Preemptive fantasies

July 3, 2017
Nothing jeopardizes capital more thoroughly than do-or-die bets on the future of oil. That lesson from history should demolish efforts to make oil and gas companies account today for economic and regulatory conditions years or decades from now.

Nothing jeopardizes capital more thoroughly than do-or-die bets on the future of oil. That lesson from history should demolish efforts to make oil and gas companies account today for economic and regulatory conditions years or decades from now.
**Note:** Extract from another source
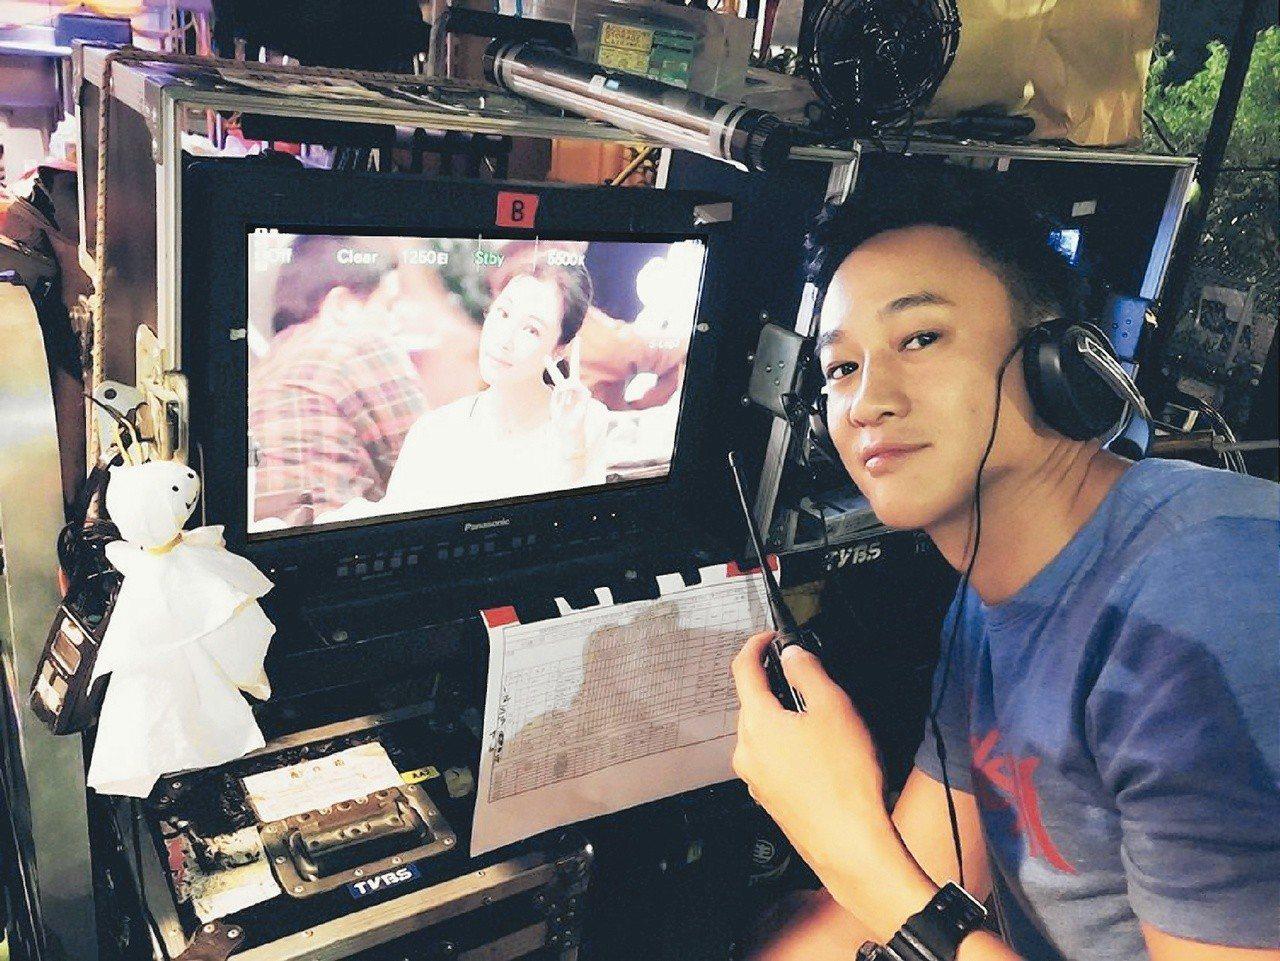 何潤東新戲「翻牆的記憶」擔任導演,才華被看見。圖╱TVBS提供

A loony initiative of climate politics asserts that companies should be discounting future value heavily to reflect regulation that might be imposed to resist global warming. Groups pressing this case claim that potential oil and gas production worth trillions of dollars must remain undeveloped to limit postindustrial warming to 2°C. They fault companies for not warning shareholders about regulations that will create this financial catastrophe.

Laughable certitude

So goes climate activism: asserting conclusions, treating radical policy goals as accomplished facts, punishing questions. The strategy is obvious. Activists want policies to be in place before reality disproves the rationale. The certitude is laughable. Temperature sensitivity to greenhouse-gas levels remains very uncertain. Science about it is not nearly settled-contrary to the standard propaganda, relayed without question by most news media. Arithmetic reliant upon climate sensitivity and other hazy factors, such as hydrocarbon reserves and future commodity prices, lacks precision useful in financial reports.
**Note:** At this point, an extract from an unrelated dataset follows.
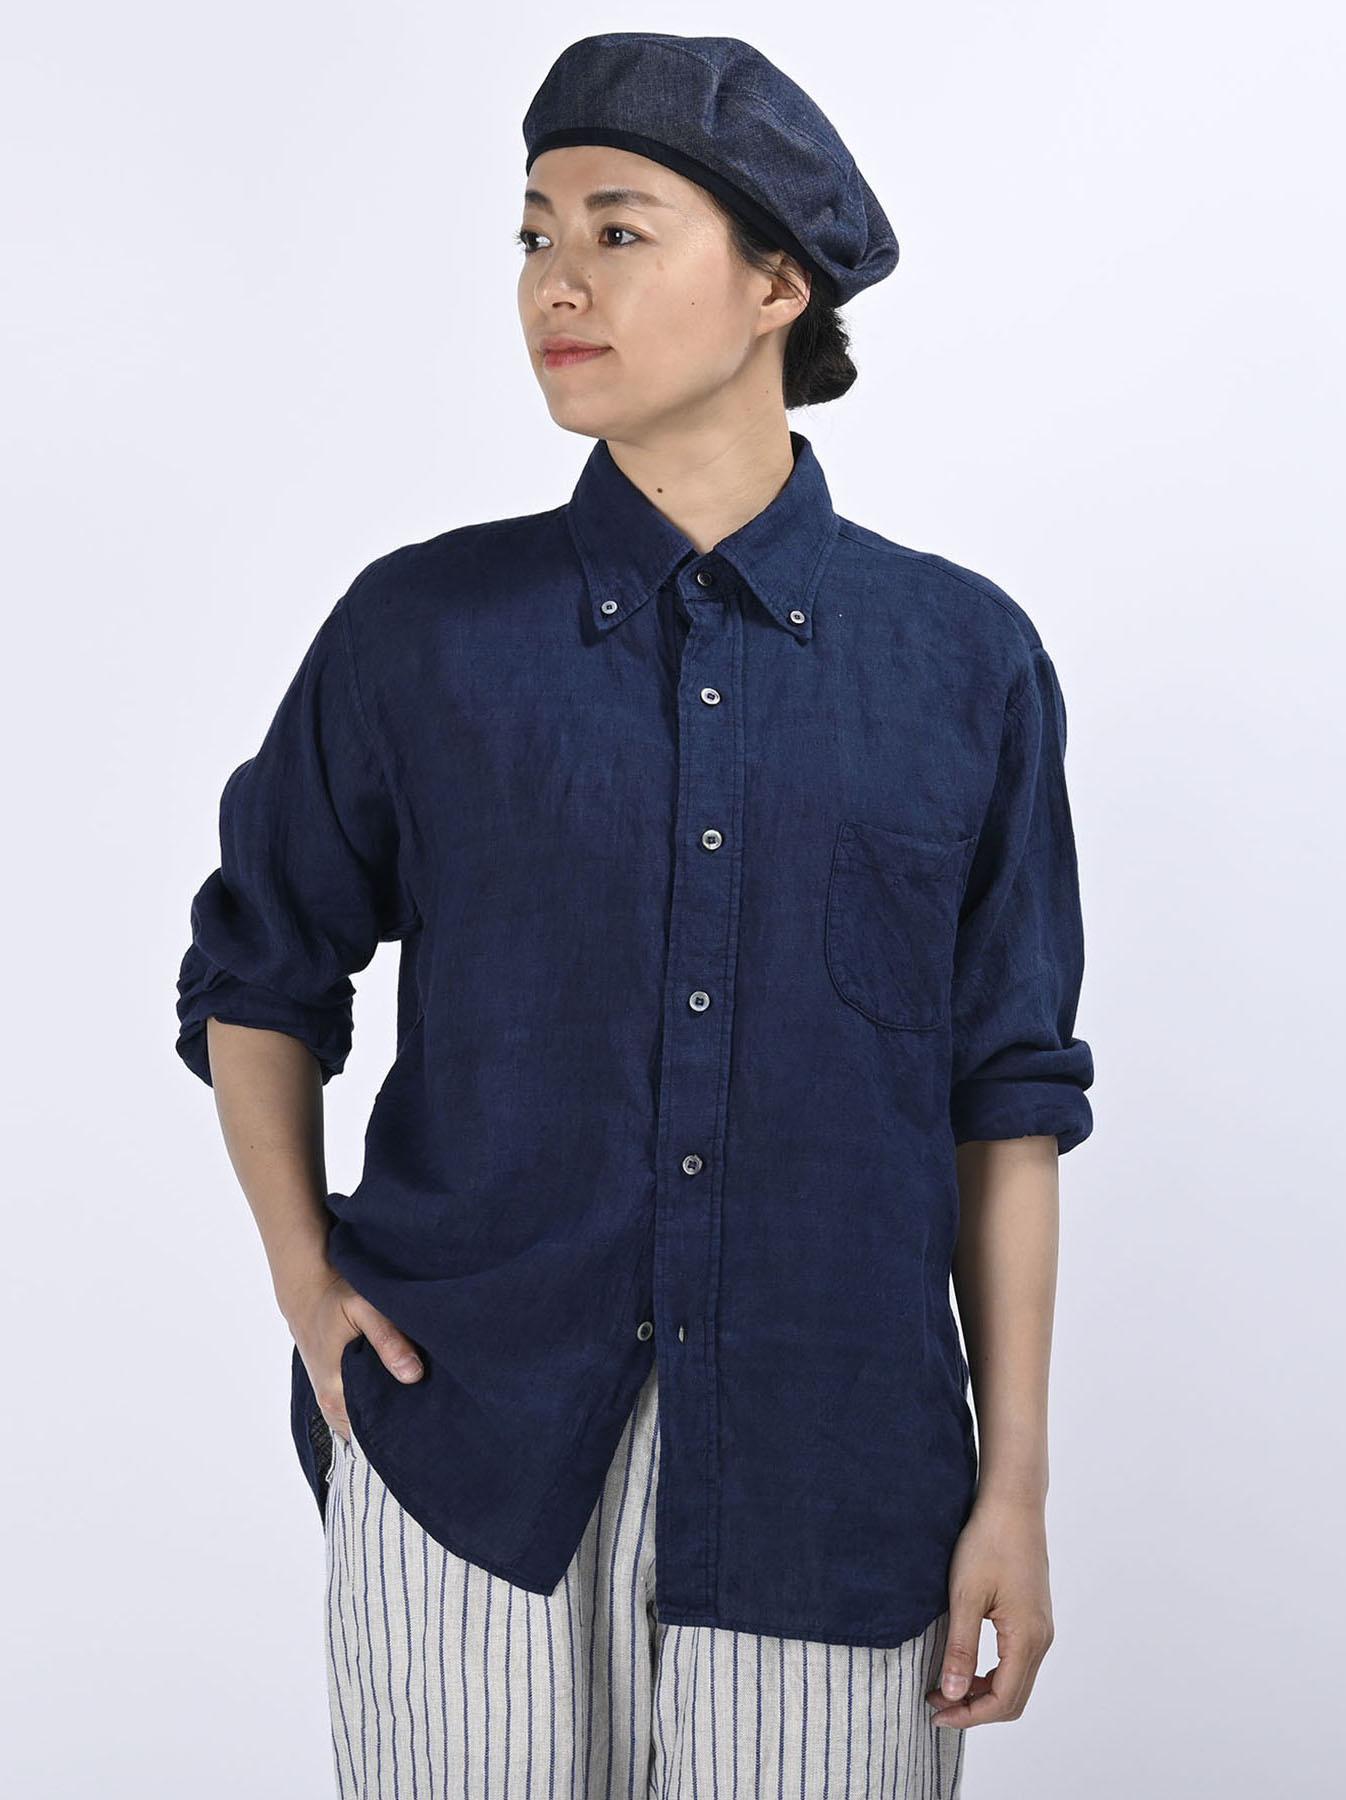 Indigo Indian Linen Flat 908 Ocean Shirt (0521)-3

Most oil and gas companies already discount project values to reflect current or prospective levies on carbon dioxide emissions. Where governments now tax carbon, the calculation is straightforward. Elsewhere, companies must guess.

Because results of these exercises don't foretell the demise of oil and gas production and use, however, activists aren't satisfied. So they're doing what activists do, trying to make civil, even criminal cases out of companies' reluctance to fix their improbable extinctions in time.
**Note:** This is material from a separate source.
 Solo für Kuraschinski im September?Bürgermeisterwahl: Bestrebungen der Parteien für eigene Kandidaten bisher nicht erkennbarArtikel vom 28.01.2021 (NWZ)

In fact, much can happen to repudiate assumptions on which activists base their demands. Much probably will.

Long-term projections about oil and natural gas seldom turn out right. They're necessary for planning, just usually wrong.

In its International Energy Outlook of 1998, for example, the US Energy Information Administration projected global oil consumption in 2015 at 105.5 million b/d. Actual consumption that year was 95.4 million b/d. When EIA made the 1998 projection, worry was rampant that global oil production would peak within a few years and start declining irreversibly. EIA didn't share the supply pessimism. But it expected big gains from deep water, the Caspian Basin, and specific members of the Organization of Petroleum Exporting Countries outside the Persian Gulf: Nigeria, Venezuela, Algeria, and Indonesia.

A company or investor risking everything on a 20-year projection about 2015 conditions thus would have bet on a market 10% too big and supply too small, too costly, or too far from where supply eventually grew. Such an investment would have come to grief.

Most companies and investors don't behave that way, of course. They understand the perils of oil-market forecasting. They know markets respond to unforeseeable events and adapt over time to unpredictable influences. Investors account for evolution.

Climate policy is no more predictable than oil prices or supply jumps from transformative technology. When activists demand that oil companies discount assessed values to reflect future policy, they assert regulation able to satisfy the 2° warming limit. That's wildly nebulous inasmuch as no one really knows how much emission reduction might achieve the temperature target. It also assumes people will tolerate the sacrifice needed to measurably influence global average temperature.

Political resistance

That's fatuous. Where implemented so far, the first layers of hardship undertaken to manipulate climate have met fierce political resistance; some have gone into retreat. Physics makes the dream of 100% renewable energy unachievable within any realistic planning horizon. Politics makes the regulatory siege needed to bring it about even less promising.

In every available forum, oil and gas companies should resist activists' attempts to make them base accounting on preemptive fantasies. Their investors deserve nothing less.

CORRECTION

Last week's editorial misidentified the research group that uses the acronym EPRINC (OGJ, June 26, 2017, p. 16). The correct name is Energy Policy Research Foundation Inc.